Setelah pemeriksaan, direncanakan akan dilakukan General
Anesthesi. Operasi dilakukan cito pada tanggal 22 Desember 2013
jam 09.15 WIB dengan operator yaitu ahli bedah dr. Aziz, Sp.B-KBD
dan ahli Anastesi dr. Hj. Ade Susanti, Sp.An.
3
BAB II
LAPORAN KASUS
2.1 Laporan Anestesi
a. Pendahuluan
Tanggal : 22 September 2013
Nama : Tn. Hariyono
Umur : 30 tahun
TB/BB : 60 Kg
Jenis Kelamin : Laki-laki
Diagnosis : Abdominal Pain ec. Peritonitis
Tindakan : Laparatomi
Operator : dr. Aziz, Sp.B-KBD
Ahli Anestesi : dr. Hj. Ade Susanti, Sp.An
b. Keterangan Pra-Bedah
i. Keadaan umum : tampak sakit berat
Kesadaran : Compos mentis
GCS : 15 (E4 M6 V5)
Tanda vital
- TD : 110/90 mmHg
- HR : 81x/mnt
- RR : 37x/mnt
- T : afebris
ii. Pemeriksaan penunjang
EKG : Normal
4
Foto thorak : dalam batas normal
Foto abdomen:
Tampak distensi udara dalam usus besar dan kecil, free
air (-), air fluid level (+), tulang : tak tampak kelainan,
kesan : meteorismus, DD : iritable bowel disease.
Laboratorium :
Pemeriksaan darah rutin :
WBC : 9,0 . 10 3/mm3 ( 3,5 – 10 )
RBC : 4,81. 106/mm3 ( 3,80 – 5,80 )
HGB : 15,2 gr/dl ( 11,0 – 16,5 )
HCT : 44,7 % ( 35,0 – 50,0 )
PLT : 2053/mm3 ( .100 - .500 )
PCT : .139 %
BT : 4,5’ menit
CT : 2’ menit
Bilirubin total : 1,6
Bilirubin direk : 0,8
Bilirubin indirek : 0,8
SGOT : 44 ( < 200 mg/dl )
SGPT : 44 ( 0 – 42 mg/dl )
Ureum : 23,7 ( 10 – 50 mg/dl )
Kreatinin : 0,8 ( 0,6 – 1,20 )
iii. Penyakit Penyerta : -
iv. Status Fisik : ASA III E
v. Pengobatan pra-bedah : -
vi. Malam pati : 1
5
c. Tindakan Anestesi
1. Metode : General Anestesi
2. Premedikasi : Inj. Ranitidine 50 mg, Inj. Ondancentron 4
mg, Inj.
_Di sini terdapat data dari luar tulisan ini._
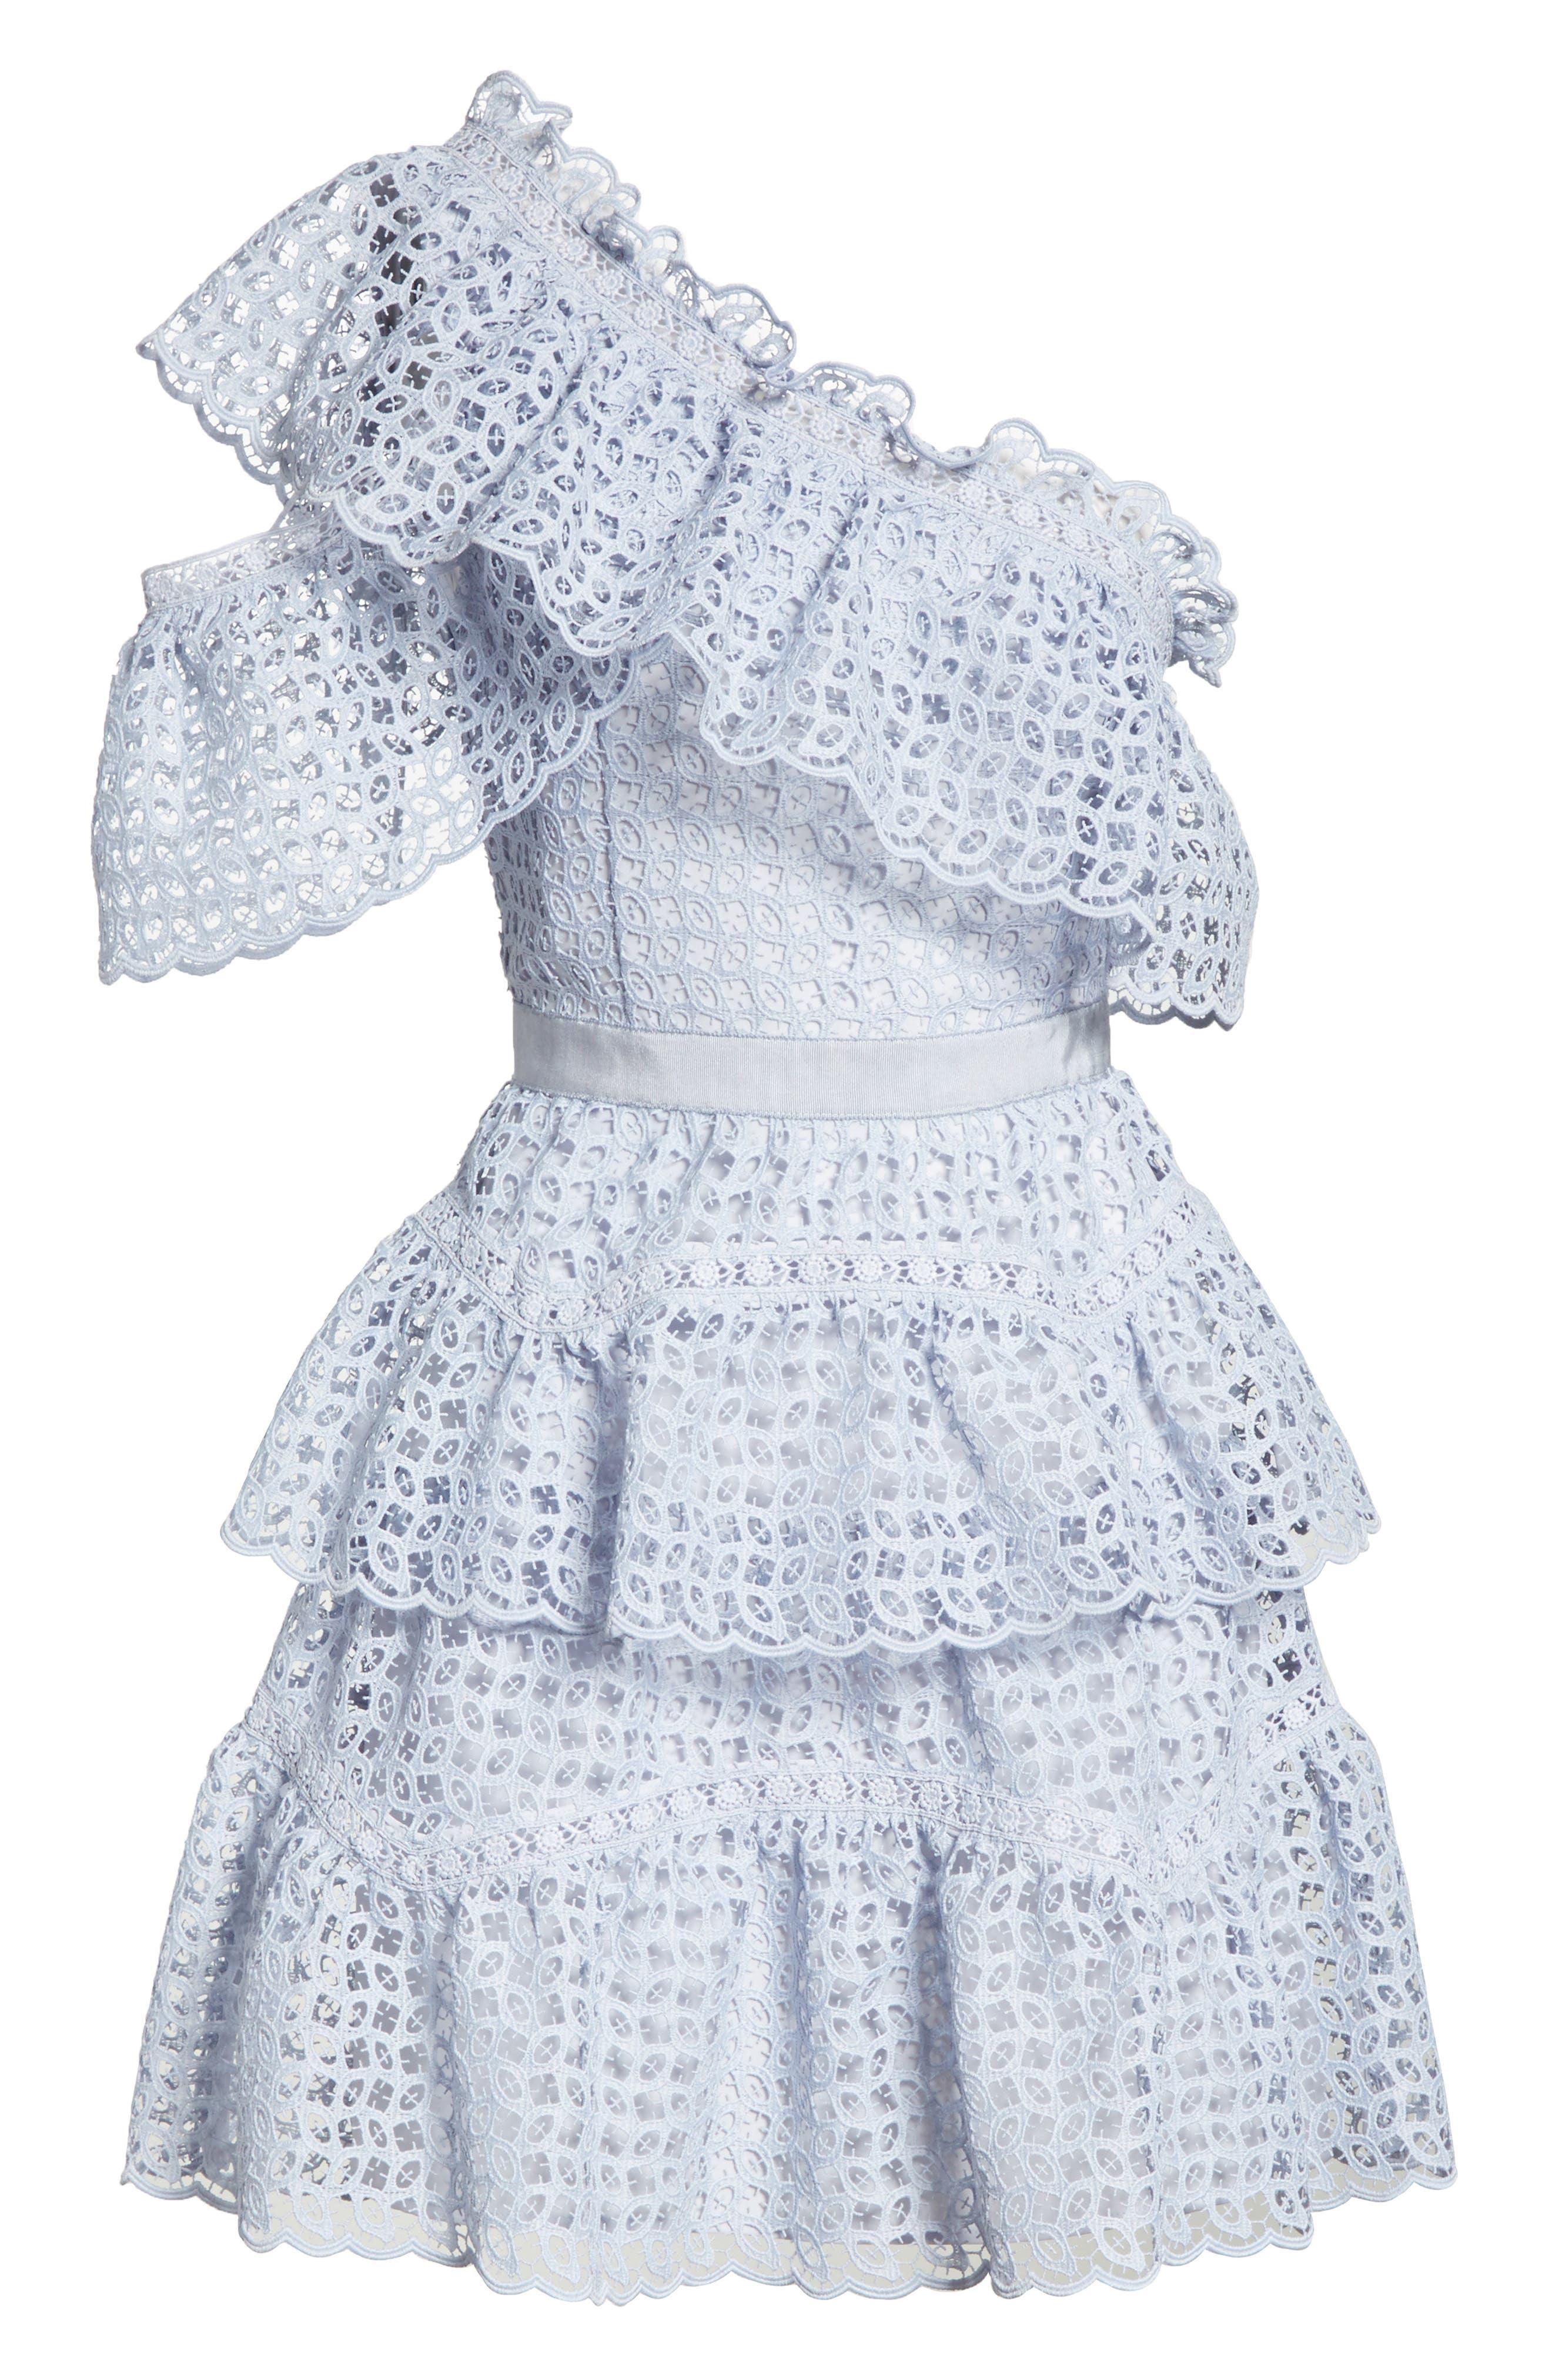 One-Shoulder Cutwork Organza Dress,                             Alternate thumbnail 6, color,                             Pale Blue

Asam Traneksamat 1 gram
d. Anestesi Umum
- Induksi : Sempurna
- Medikasi :
o SA 0,5 mg
o Fentanil 50 mg
o Propofol 120 mg
o Roculax 30 mg
o Dexamethason 5 mg
- Jumlah cairan
Input RL IV 4000 cc
Output (-)
Urine ± 400 cc
Perdarahan ± 500 cc
IWL = 25 x 60 = 1500 ml/ jam 1,5 jam x 1500 ml =
2250 ml
2.2 Keadaan Selama Operasi
1. Letak penderita : terlentang
2. Intubasi : oral, ETT no. 7,5
3. Penyulit intubasi : -
4. Penyulit waktu anestesi : -
5. Lama anestesi : ± 1 jam 15 menit
Monitoring Perioperatif
Jam TD Nadi
08.15 100/60 mmHg 65 x/i
6
09.30 82/51 mmHg 63 x/i
09.45 110/83 mmHg 90 x/i
10.00 110/85 mmHg 83 x/i
10.15 110/71 mmHg 79 x/i
10.30 110/63mmHg 73 x/i
2.3 Ruang Pemulihan
Pasien dipindahkan keruang pemulihan sekitar 30 menit
karena pernapasan pasien baik, tidak sesak, tidak
terpasang ETT/simple mask dan nadi 89 x/i. scoring
aldrette 10.
2.4 Instruksi Anestesi
o Observasi tanda vital, perdarahan, urine setiap 15
menit
o Tidur terlentang tanpa memakai bantal selama 1 x 24
jam post operasi
o Pasien tidak boleh minum dan makan sampai sadar
penuh
o Lanjutkan terapi sesuai dr. Aziz, Sp.B-KBD.
7
BAB III
TINJAUAN PUSTAKA
3.1 PERSIAPAN PRAANESTESI
Pasien yang akan menjalani anestesi dan pembedahan
(elektif/darurat) harus dipersiapkan dengan baik. Kunjungan pra
anestesi pada bedah elektif dilakukan 1-2 hari sebelumnya,
sedangkan pada bedah darurat sesingkat mungkin. Kunjungan
pra anestesi bertujuan mempersiapkan mental dan fisik pasien
secara optimal, merencanakan dan memilih teknik dan obat-
obat anestesi yang sesuai, serta menentukan klasifikasi yang
sesuai (berdasarkan klasifikasi ASA).1
Pada pasien ini persiapan yang dilakukan meliputi
persiapan alat, penilaian dan persiapan pasien, dan persiapan
obat anestesi yang diperlukan. Penilaian dan persiapan
penderita diantaranya meliputi 1 :
8
1. penilaian klinis penanggulangan keadaan darurat
2. informasi penyakit
a. anamnesis/alloanamnesis kejadian penyakit
b. riwayat alergi, hipertensi, diabetes mellitus, operasi
sebelumnya, asma, komplikasi transfusi darah
(apabila pernah mendapatkan transfusi)
c. riwayat keluarga (penyakit dan komplikasi anestesia)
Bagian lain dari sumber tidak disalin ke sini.